The combination of Haggard’s political ties and personal combustion will likely not affect turnout locally or nationally, according to Larry Sabato, director of the Center for Politics at the University of Virginia. “People are not shocked anymore by hypocrisy.” Nor does Sabato see the religious right shrinking from the American political field. “Religion is a constant theme in American life. It’s always been a part of our politics. It always will be part of our politics.”

Randall Balmer, author of “Thy Kingdom Come: How the Religious Right Distorts the Faith and Threatens America: An Evangelical’s Lament,” disagrees. He sees the Haggard scandal spinning out into larger disaffection with the religion right, even, perhaps as soon as Tuesday, when he suspects that many disgruntled rank-and-file evangelicals will sit out this election. Balmer says that the disaffection stems from the cult of personality that often drives evangelicalism. “A congregation like New Life galvanizes around a charismatic individual, and their whole understanding of faith is filtered through the oracle of the preacher,” he says. “When something happens with him, then their confidence is shaken.”

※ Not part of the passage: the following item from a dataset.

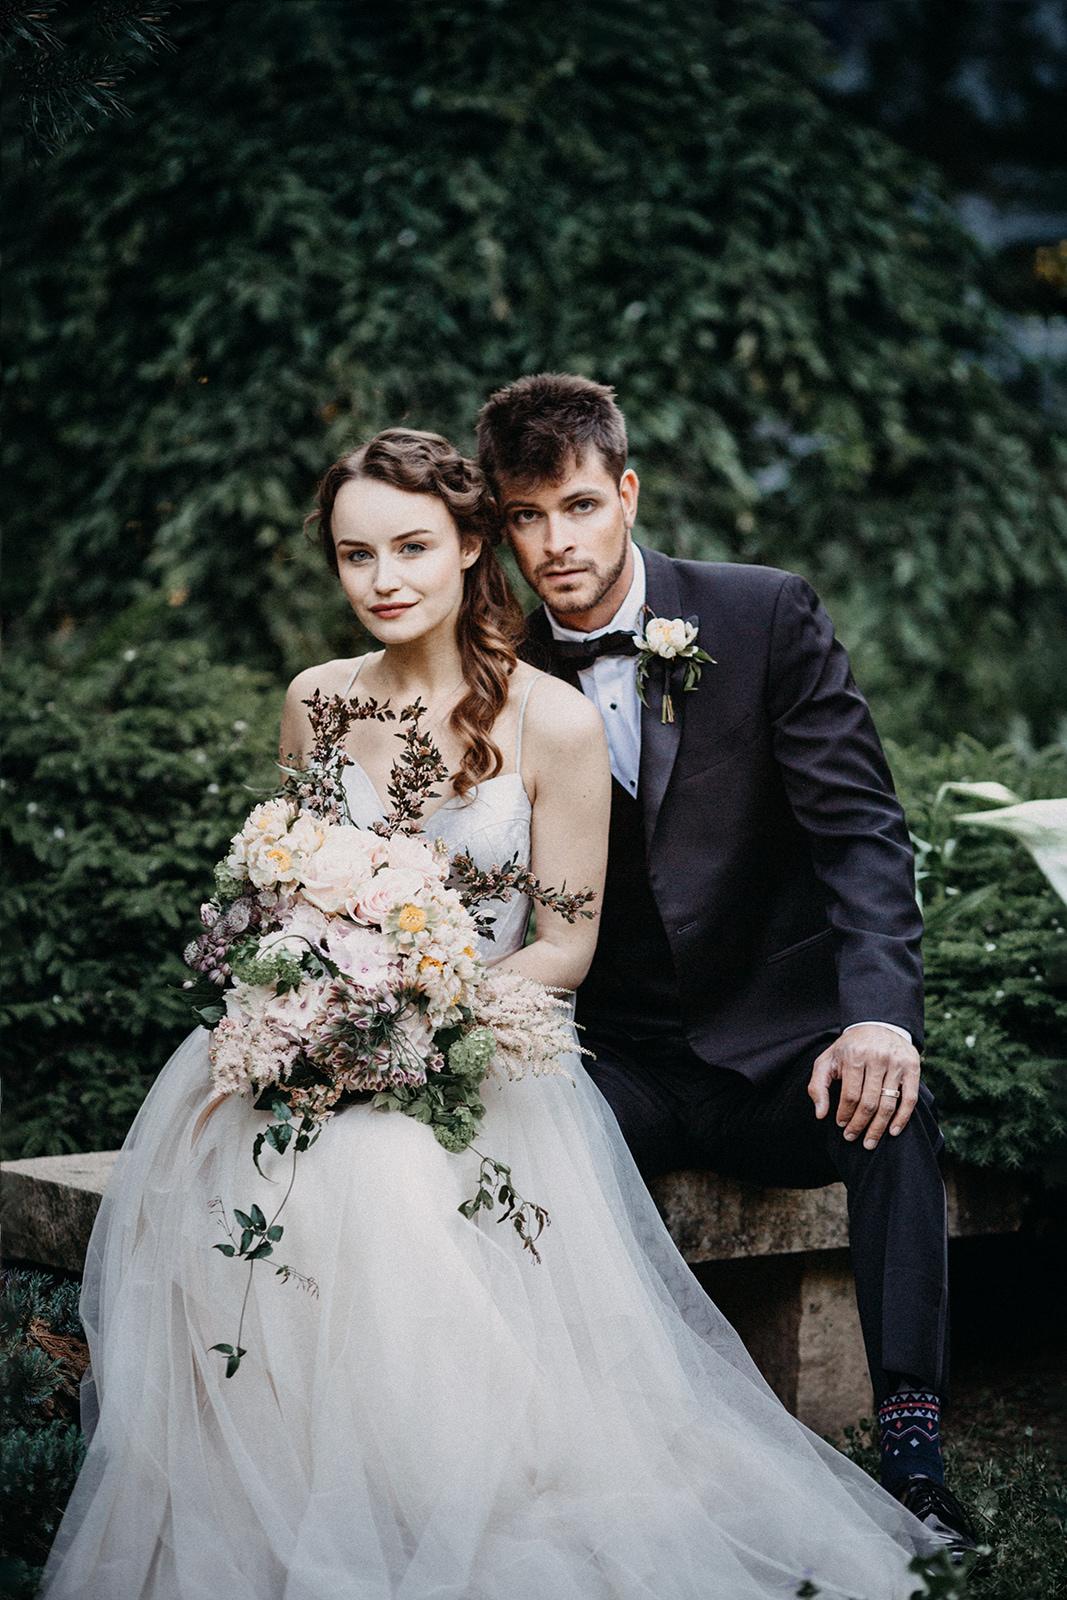 Romantic Bride andGroom Portrait Chicago Wedding lisa kathan photography
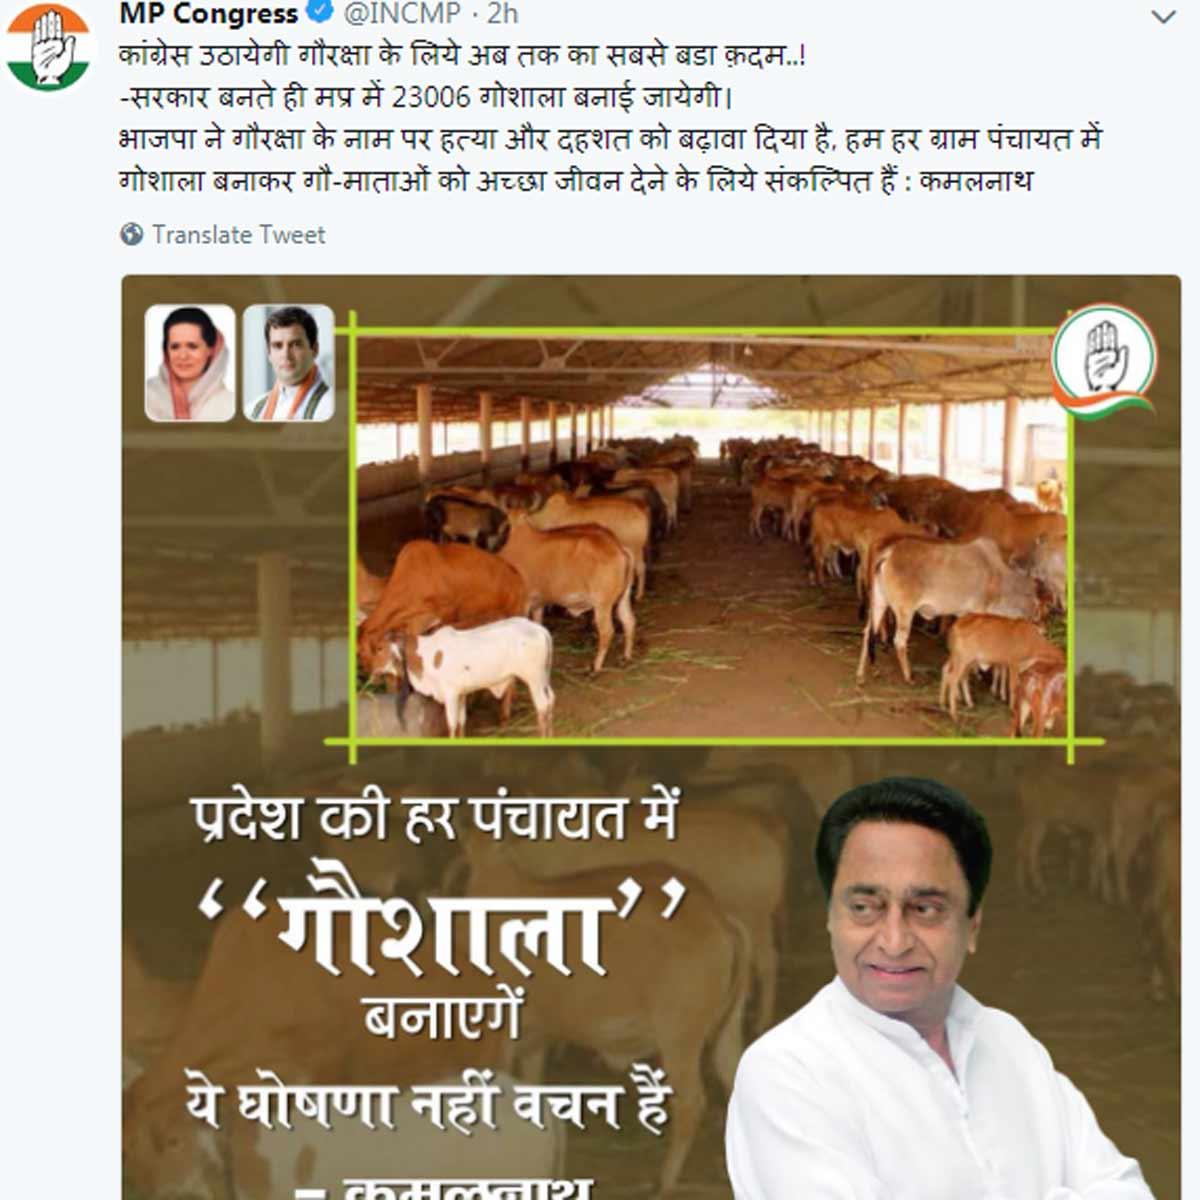 kamal-nath-cow-mp-congres-tweet

Barry Lynn, executive director of Americans United for Separation of Church and State, thinks the Haggard scandal has the potential to be a watershed in the evangelical community in the long run. “The religious right has got to think more about focusing on its internal family and less on regulation of everyone elses life and family through the political system,” he says. “This event tends to focus your attention more on personal piety than political opportunism. I think over the next few years that is going to be a major debate within the evangelical community.”

Meanwhile, Haggard’s flock will decide Tuesday whether to show up at the polls, and whether to treat the voting booth as a civic prayer closet. Its hard for anyone here to imagine a last-minute change of heart about the gay-marriage ban. Local evangelicals will likely follow the example of their disgraced pastor — a man who struggled to be everything he is not, a leader rejected like King Saul — who announced proudly from the pulpit recently that he votes “a straight ticket.”